J Forensic Sci. 2003 Mar;48(2):343-7.
As a first step in developing a molecular method for the individualization of marijuana samples, we evaluated a plant DNA extraction kit. The QIAGEN plant DNeasy method uses a spin column format for recovery of DNA and is effective for obtaining high molecular weight DNA from leaf, flower (bud), and seed samples of marijuana. The average DNA yield was 125-500 ng per 100 milligrams of fresh plant tissue. The recovered DNA was of polymerase chain reaction (PCR) quality as measured by the ability to generate reproducible amplified fragment length polymorphism (AFLP) profiles. AFLP is a technique used to create a DNA profile for plant varieties and is being applied to marijuana samples by the authors to link growers and distributors of clonal material. The QIAGEN plant DNeasy method was simple, efficient, and reproducible for processing small quantities of marijuana into DNA.

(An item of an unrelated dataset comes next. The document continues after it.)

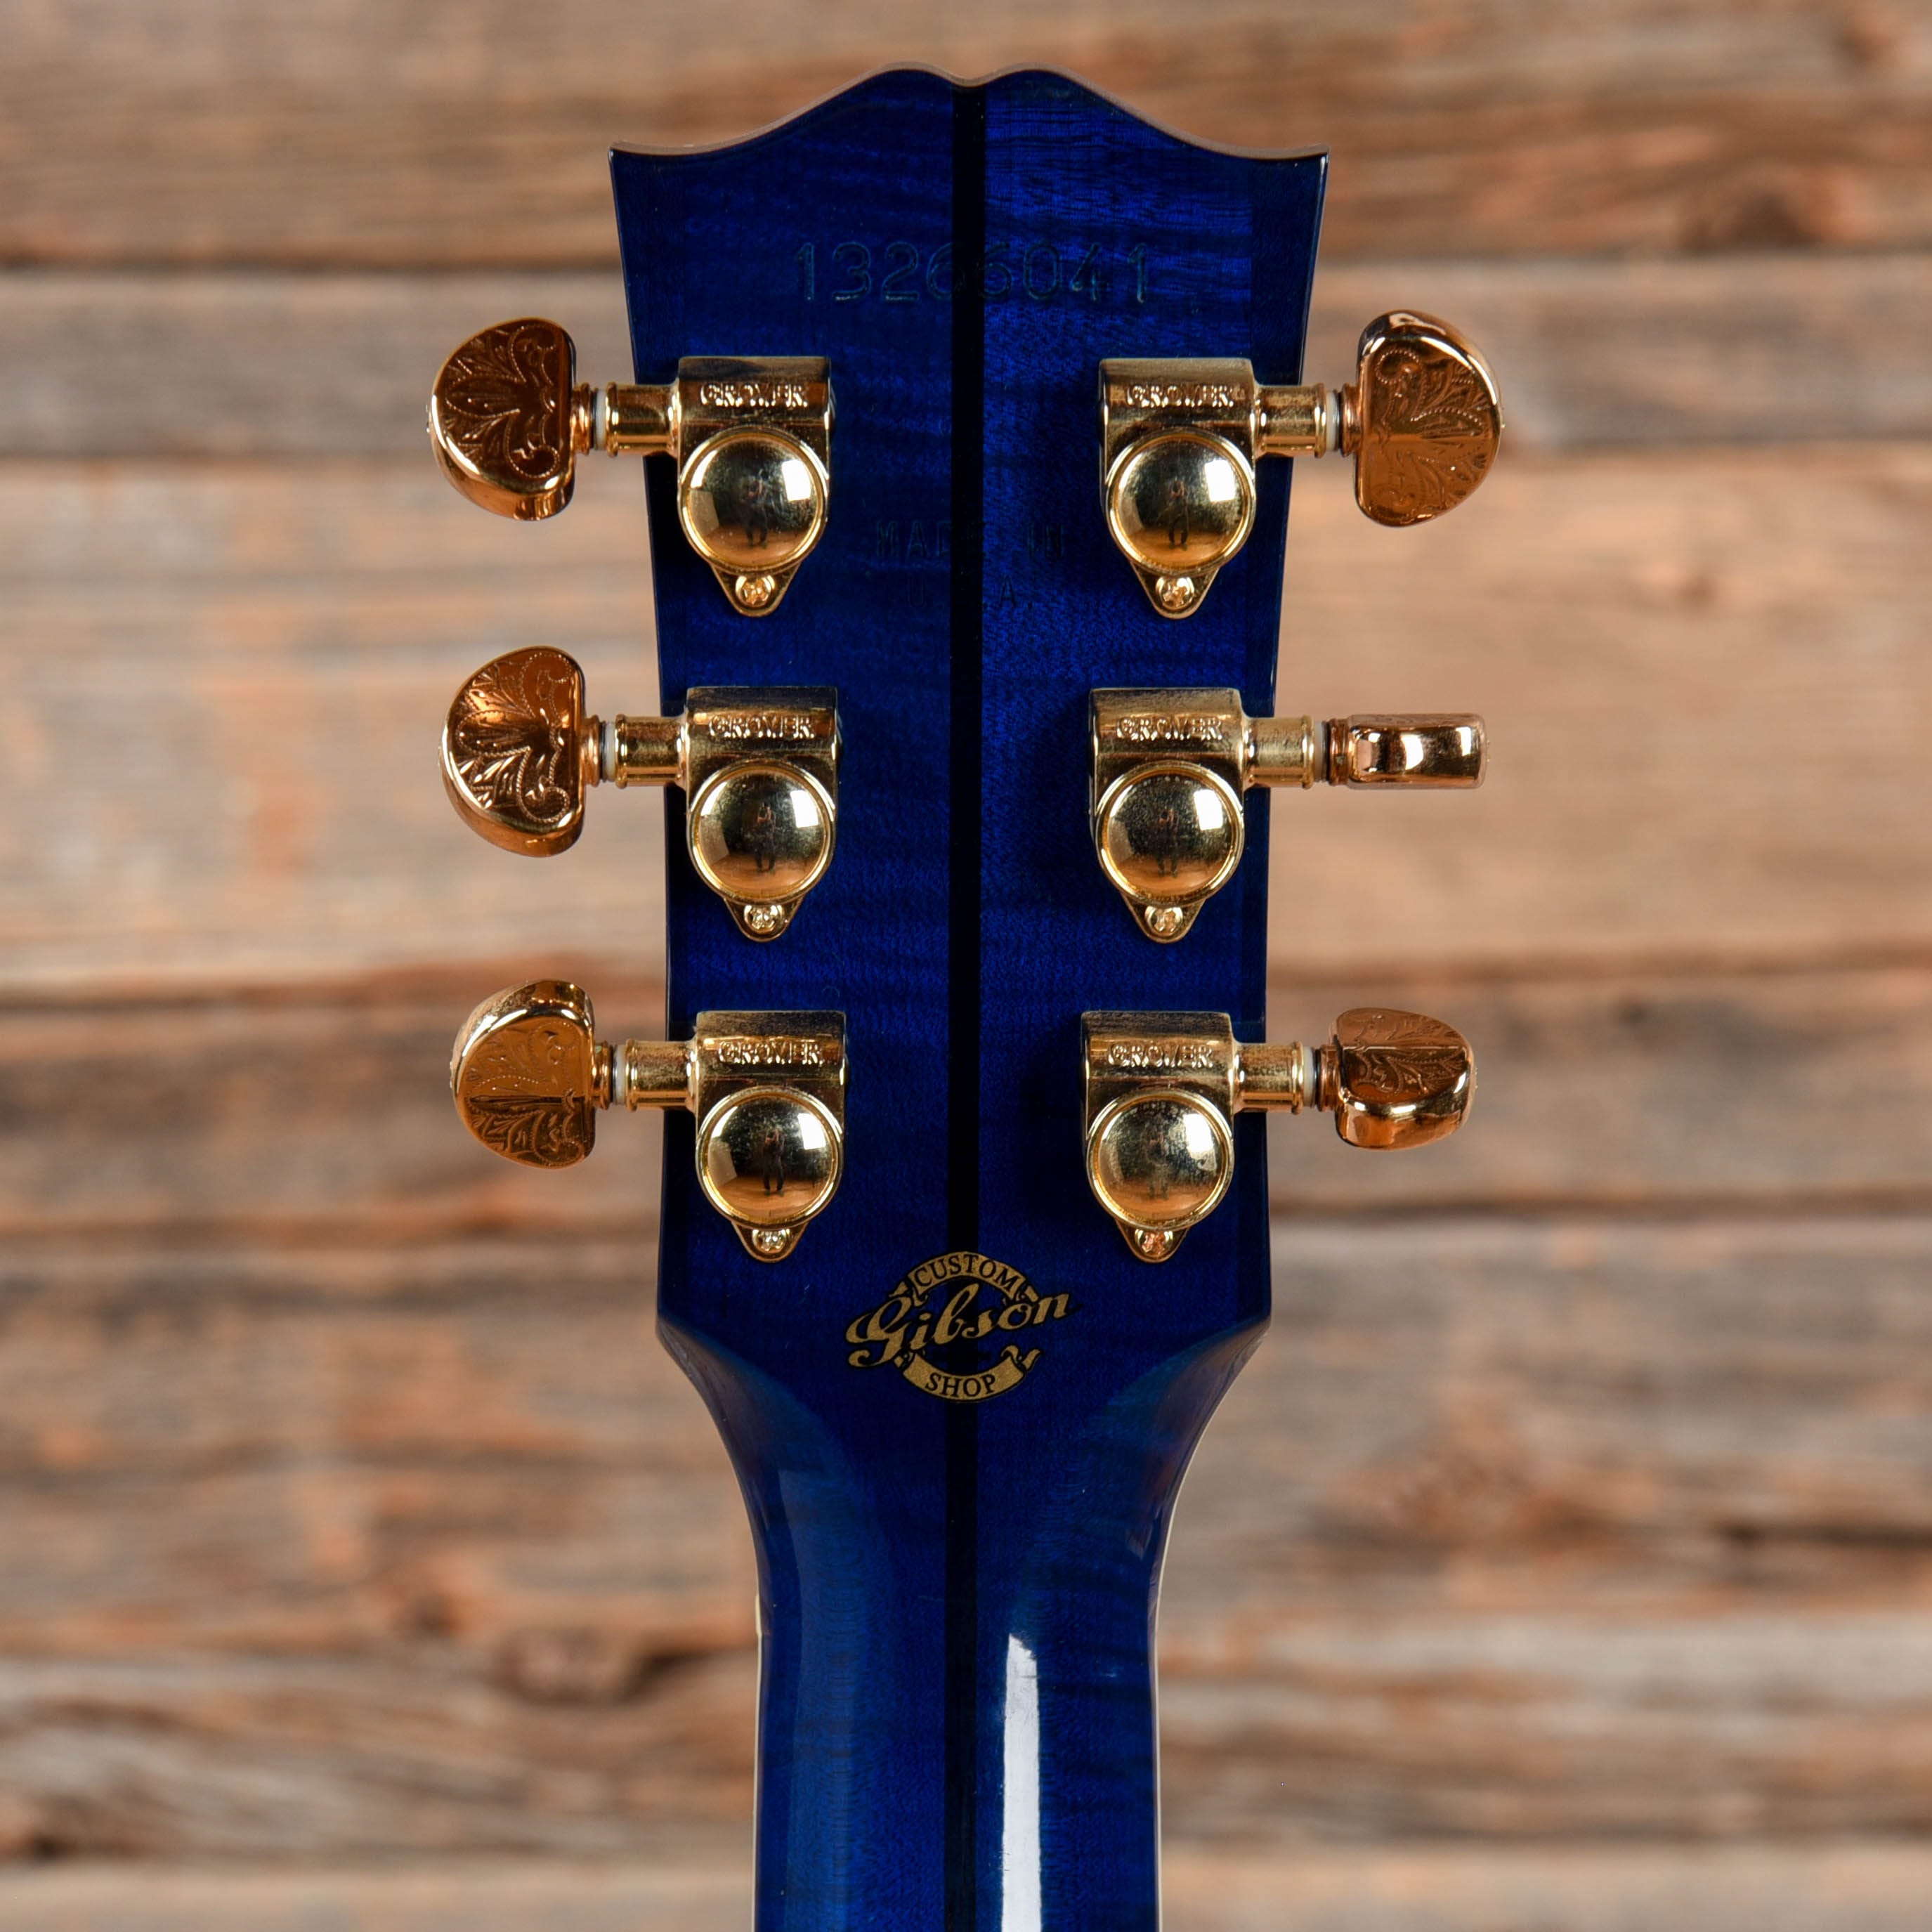 Gibson Hummingbird Custom Quilt (Custom Inlays and Blue Finish) Blue 2015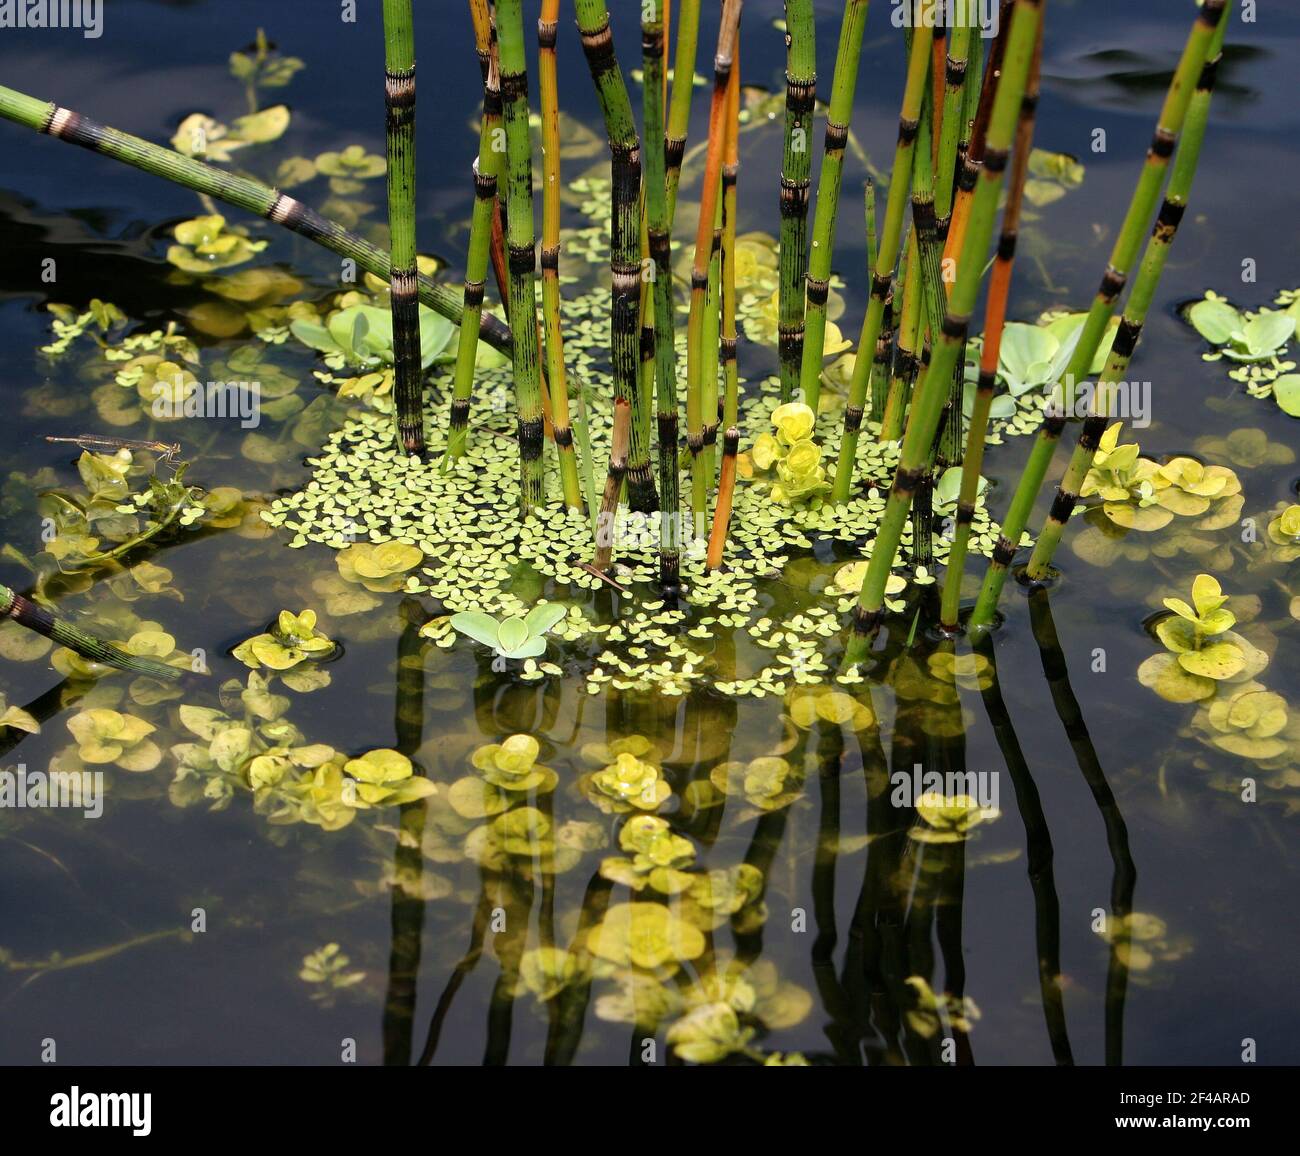 Aquatic vegetation in a pond. Stock Photo

作为开发一种用于大麻样本个体化分子方法的第一步,我们评估了一种植物DNA提取试剂盒。QIAGEN植物DNeasy方法采用旋转柱形式回收DNA,对于从大麻的叶、花(芽)和种子样本中获得高分子量DNA是有效的。平均DNA产量为每100毫克新鲜植物组织125 - 500纳克。回收的DNA具有聚合酶链反应(PCR)质量,这是通过产生可重复的扩增片段长度多态性(AFLP)图谱的能力来衡量的。AFLP是一种用于创建植物品种DNA图谱的技术,作者正在将其应用于大麻样本,以关联克隆材料的种植者和经销商。QIAGEN植物DNeasy方法在将少量大麻处理成DNA方面简单、高效且可重复。